About this task ▸ Drop all images. Then write out each line below exactly as given.

Data shown ▸
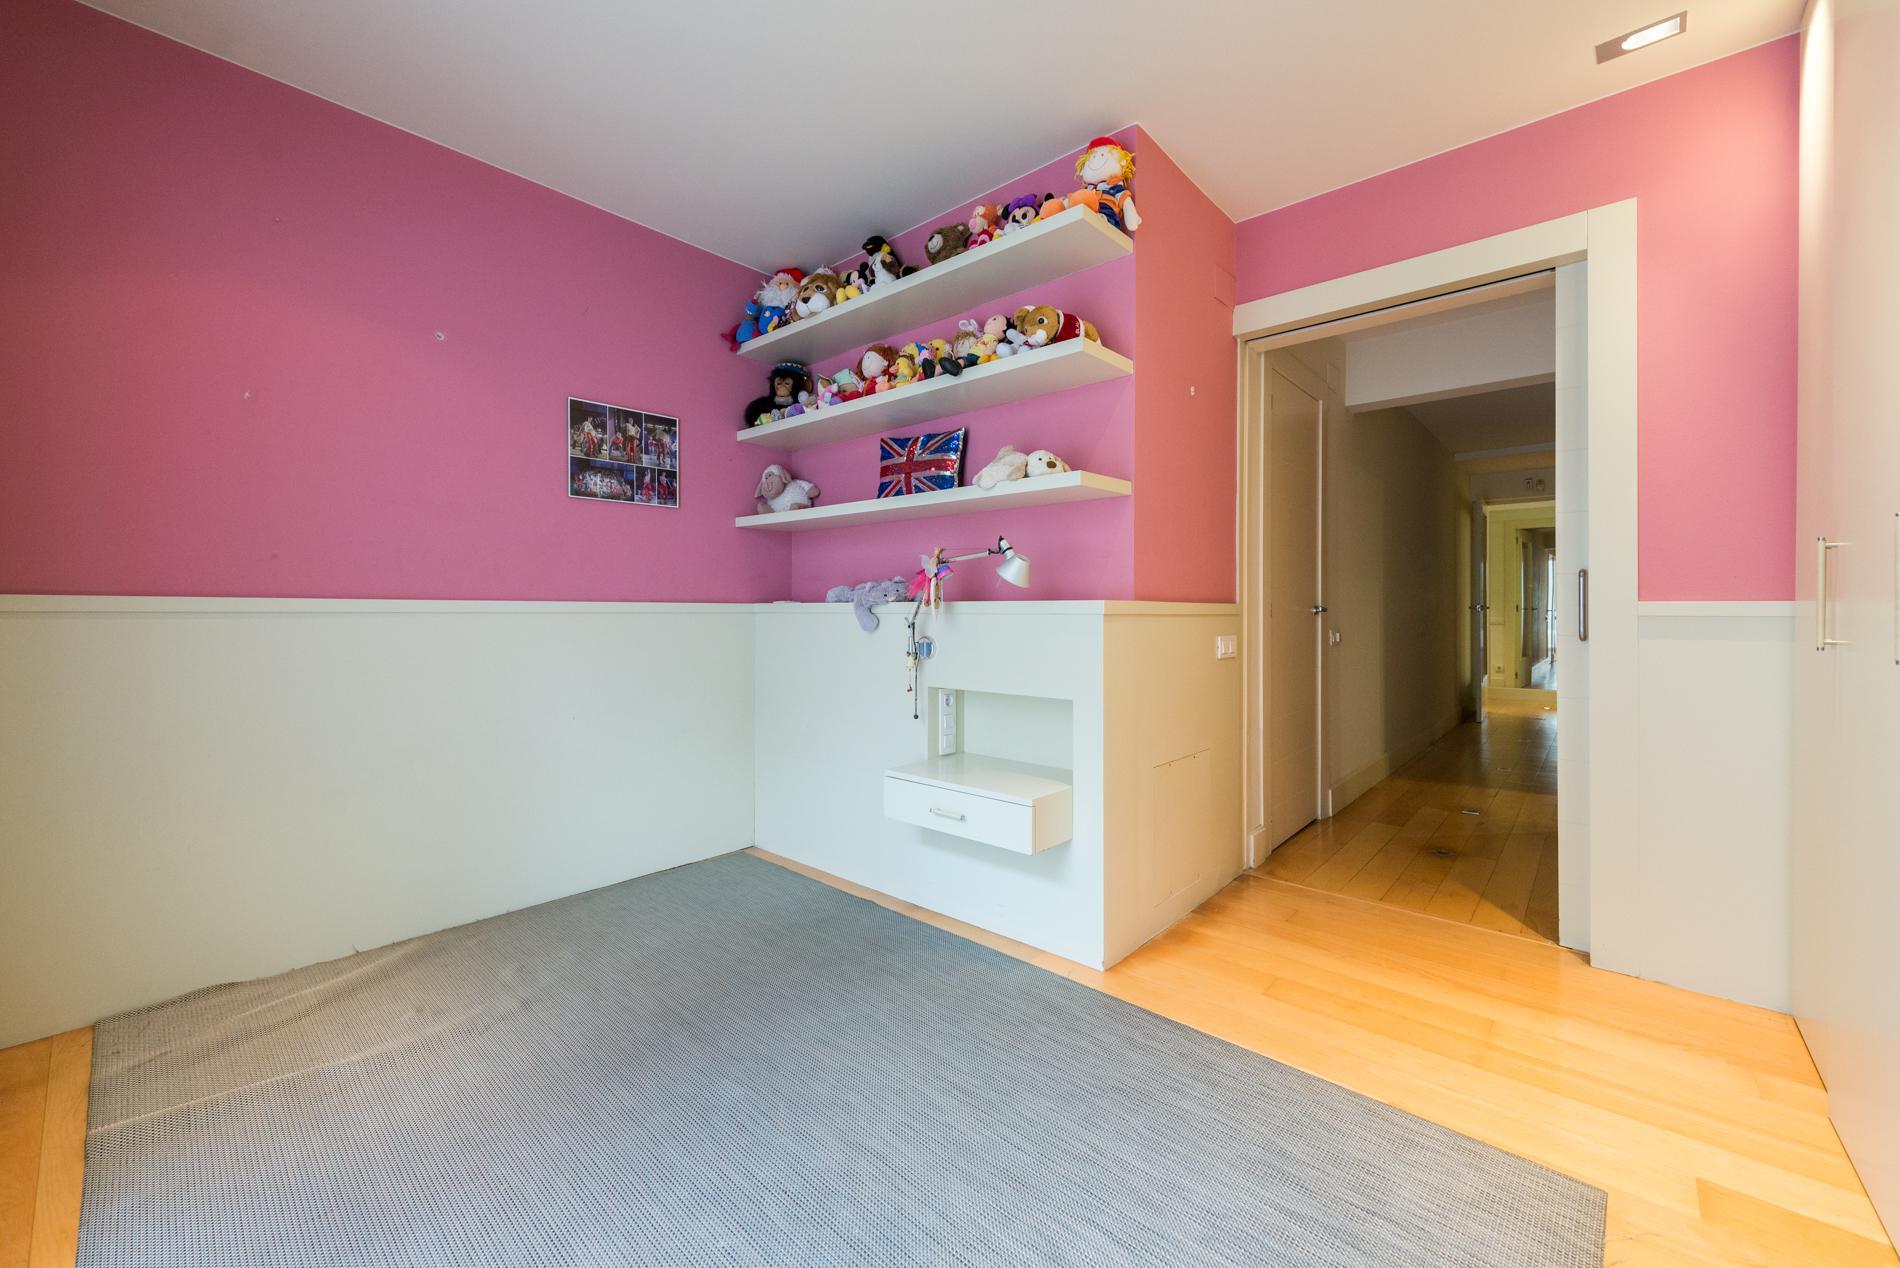 247761 Ground Floor for sale in Sarrià-Sant Gervasi, St. Gervasi-Bonanova 21
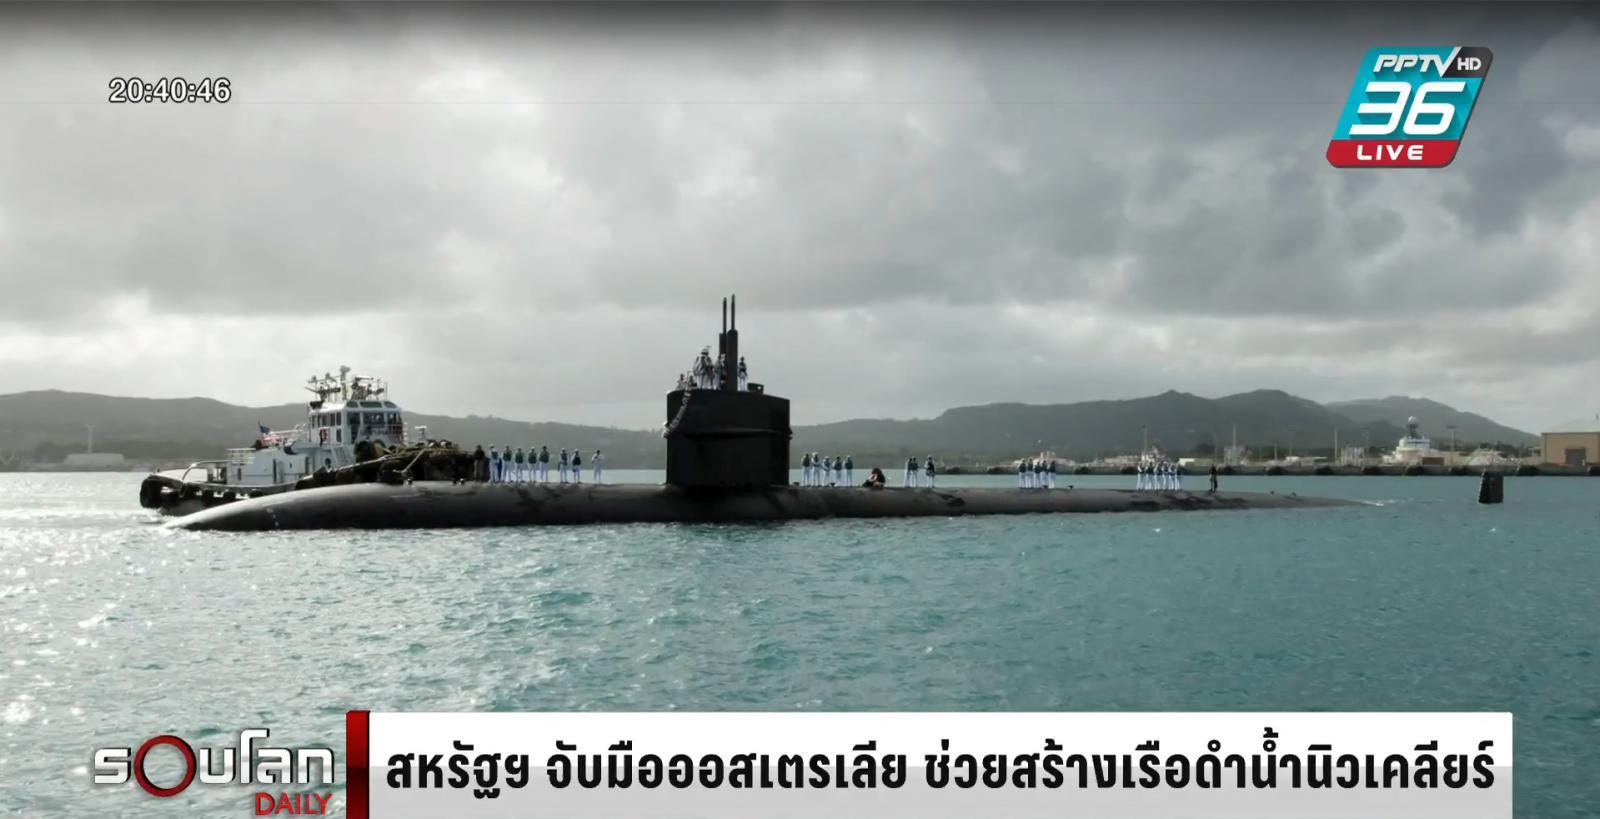 สหรัฐฯ-อังกฤษ ช่วยสร้างเรือดำน้ำนิวเคลียร์ ให้ออสเตรเลีย หวังต่อกร จีน
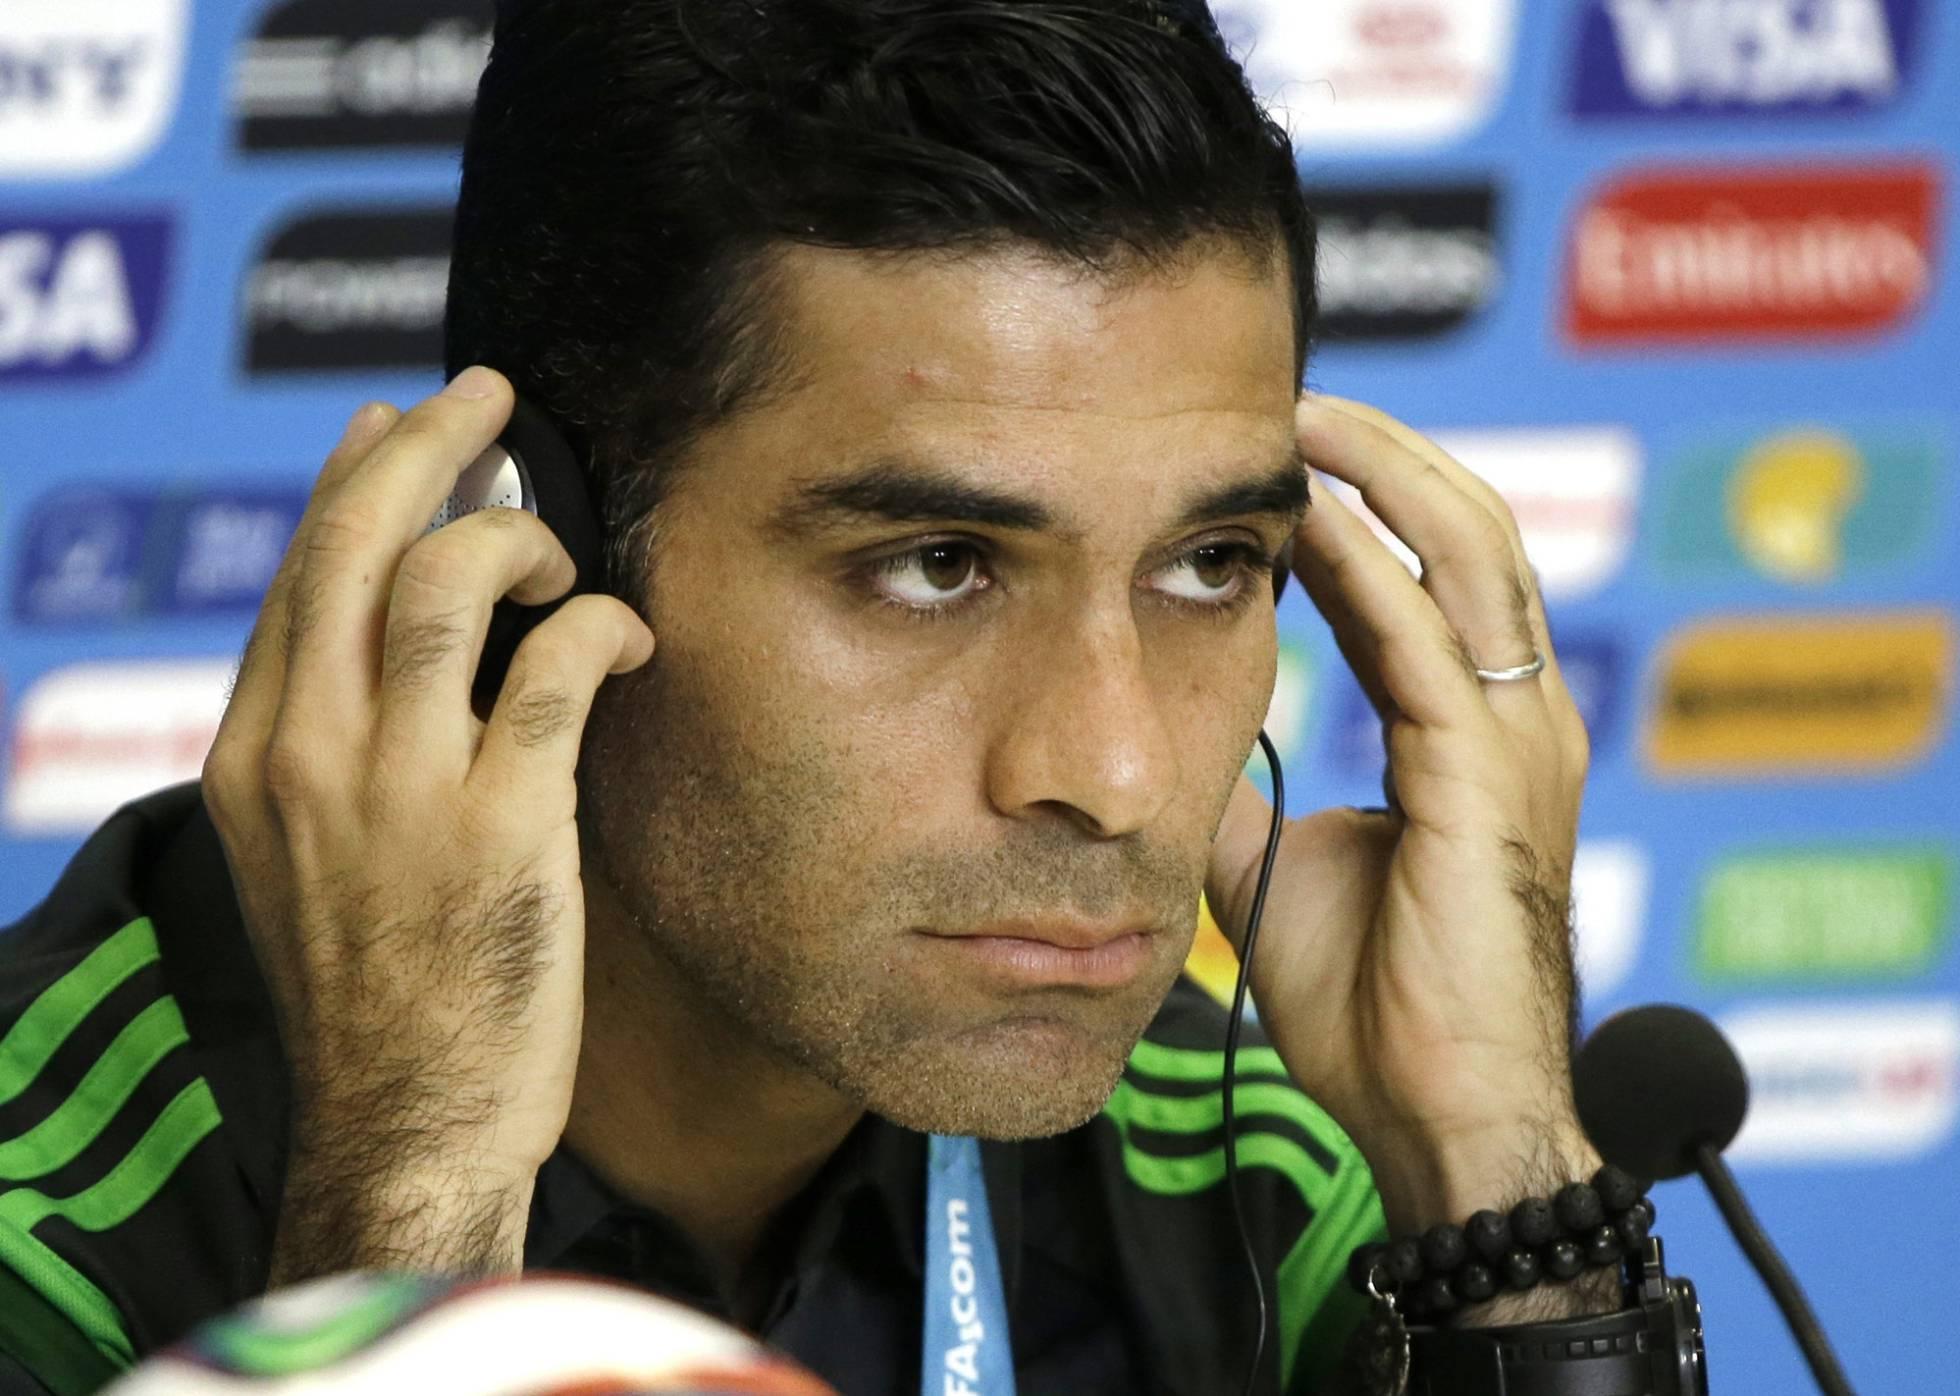 Estados Unidos sanciona al futbolista mexicano Rafael Márquez por vínculos con el narcotráfico
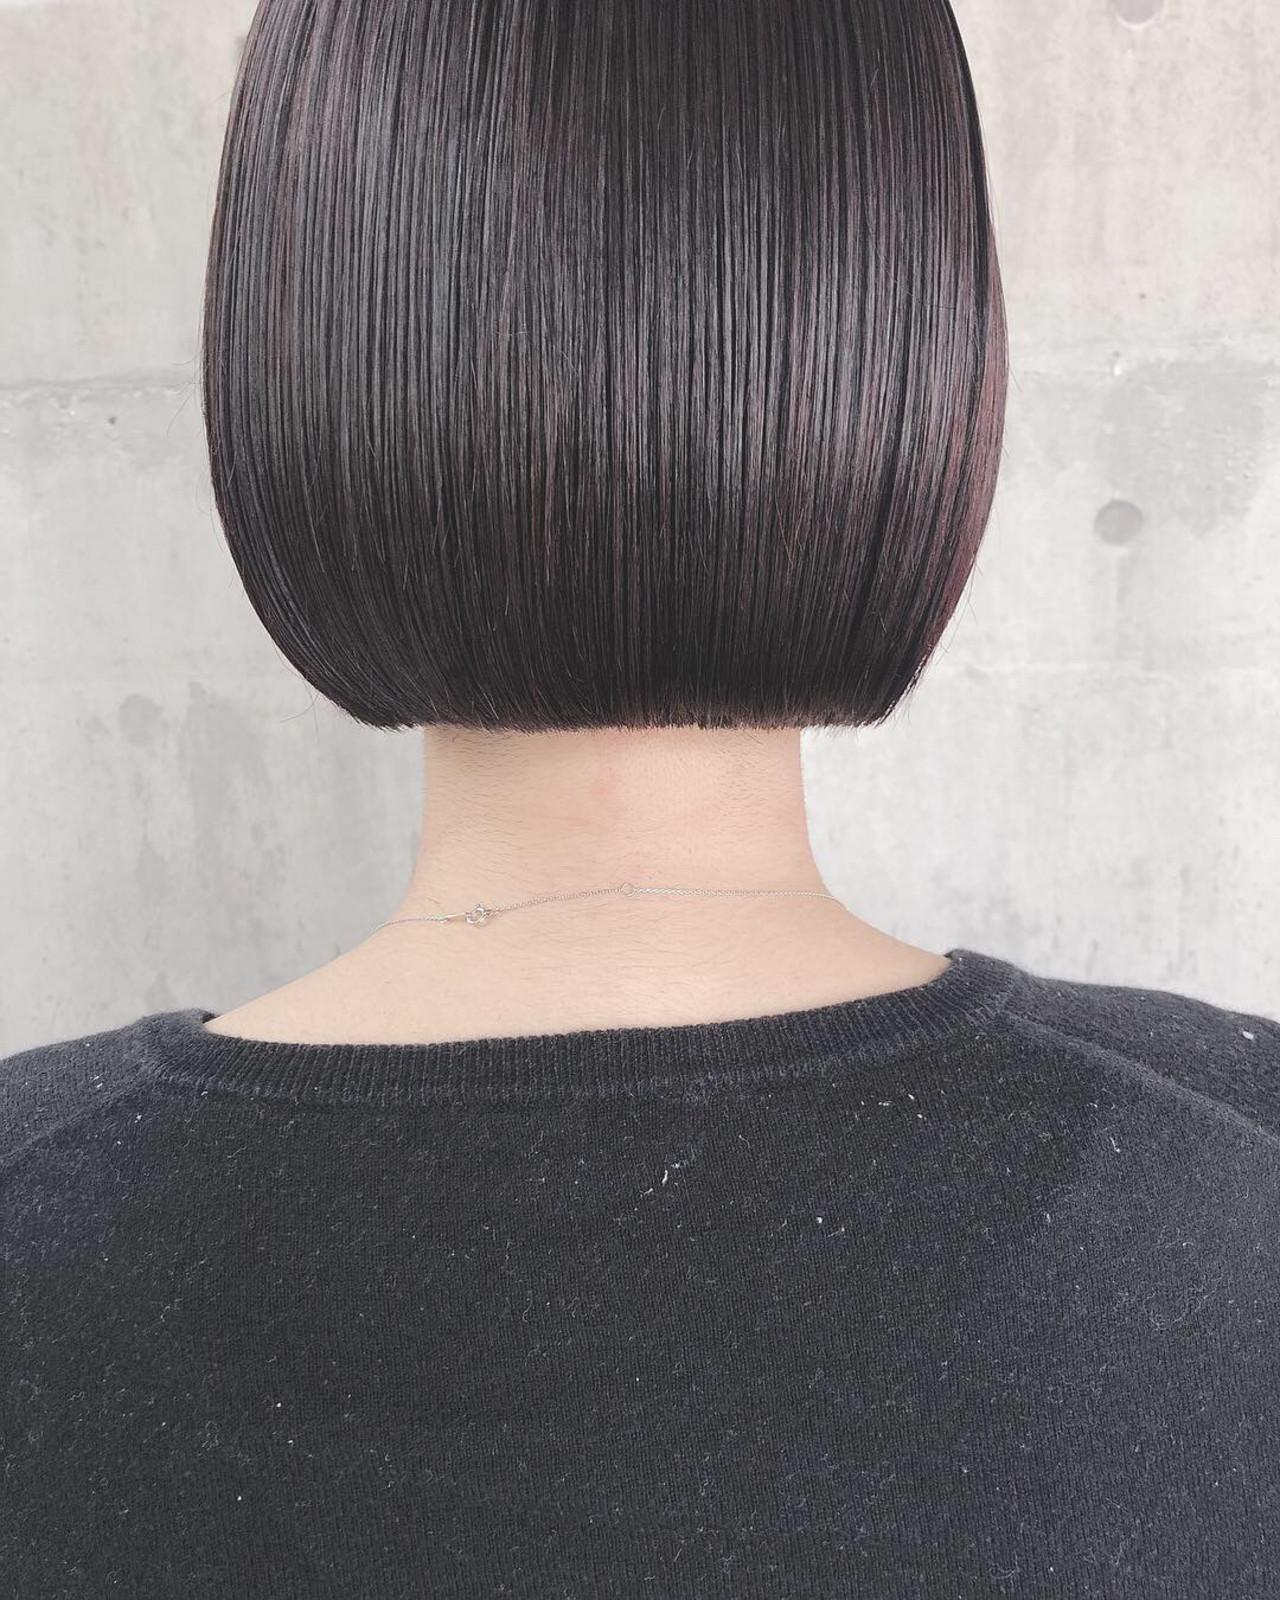 ナチュラル ミニボブ 切りっぱなしボブ 大人かわいい ヘアスタイルや髪型の写真・画像 | 上田智久 / ooit 福岡 天神 / ooit

Completed task ▸
 247761 Ground Floor for sale in Sarrià-Sant Gervasi, St. Gervasi-Bonanova 21
 สหรัฐฯ-อังกฤษ ช่วยสร้างเรือดำน้ำนิวเคลียร์ ให้ออสเตรเลีย หวังต่อกร จีน
 Estados Unidos sanciona al futbolista mexicano Rafael Márquez por vínculos con el narcotráfico
 ナチュラル ミニボブ 切りっぱなしボブ 大人かわいい ヘアスタイルや髪型の写真・画像 | 上田智久 / ooit 福岡 天神 / ooit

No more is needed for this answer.